American actor (born 1951)

Obba Babatundé ( born Donald Cohen; December 1, 1951) is an American actor. A native of Queens, New York City, he has appeared in more than seventeen stage productions, thirty theatrical films, sixty made-for-television films, and two prime-time series.

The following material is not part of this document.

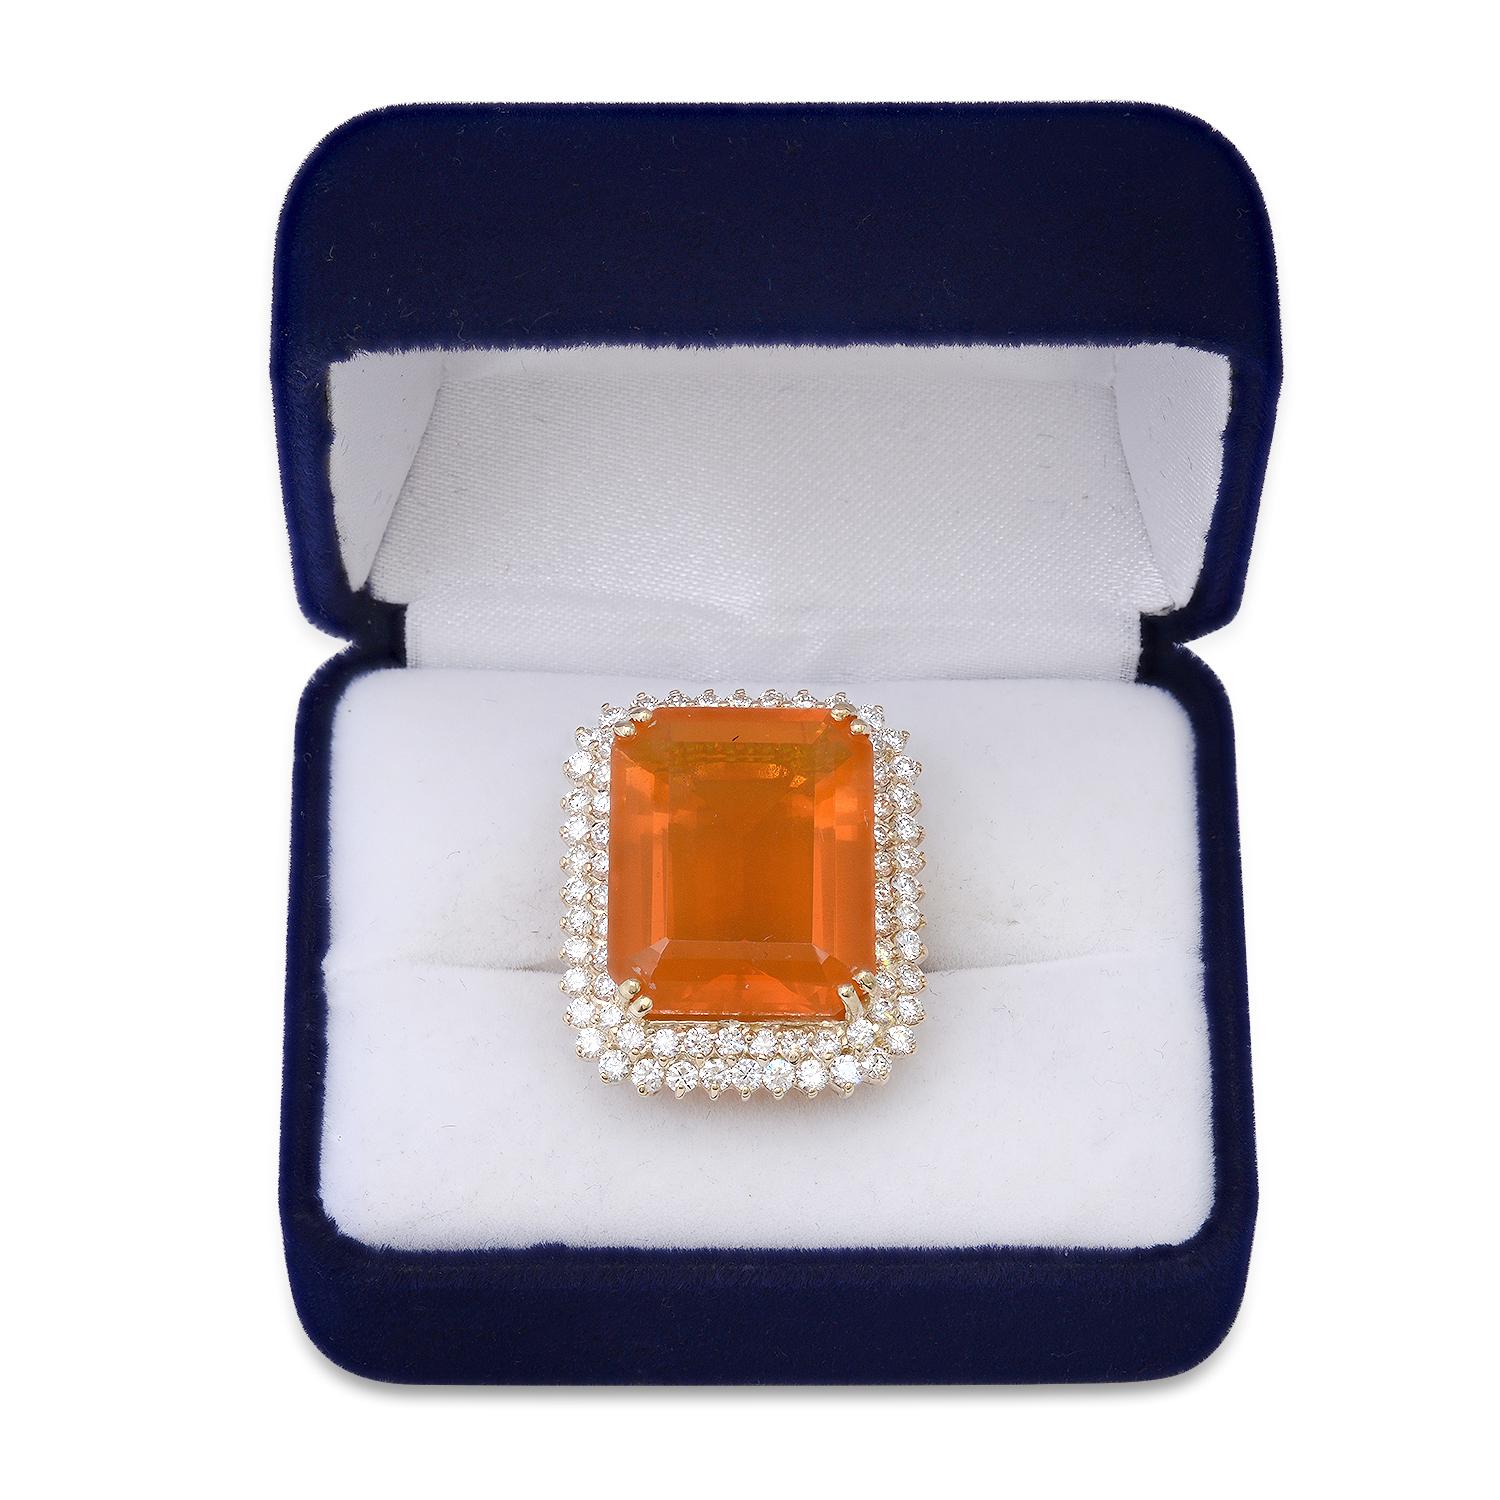 14K Yellow Gold Setting with 20.89ct Fire Opal and 2.70ct Diamond Ring

== Early life and education ==
Donald Cohen was born in Jamaica, Queens, New York City. As a child, he attended public schools. He was attracted early to theater and from a young age would sing, dance and act for his family. He attended Jamaica High School, where he was a well-rounded student. In addition to appearing in the Sing '68 school musical program, Cohen was a student aide and a member of both the track and cross country teams. After graduating from Jamaica High School in 1969, he started teaching at a private school for students of color. He also pursued acting jobs in New York, gaining some roles Off-Off-Broadway.

Learning that his ancestry included people from Nigeria, Cohen adopted a name made of Yoruba words: Obba, meaning "king", and Babatundé, meaning "father has returned again".

== Acting career ==
Babatundé has said a breakthrough role was gaining a part in a 1976 touring company of Guys and Dolls, starring Leslie Uggams and Richard Roundtree. Since then he has performed in many other stage productions.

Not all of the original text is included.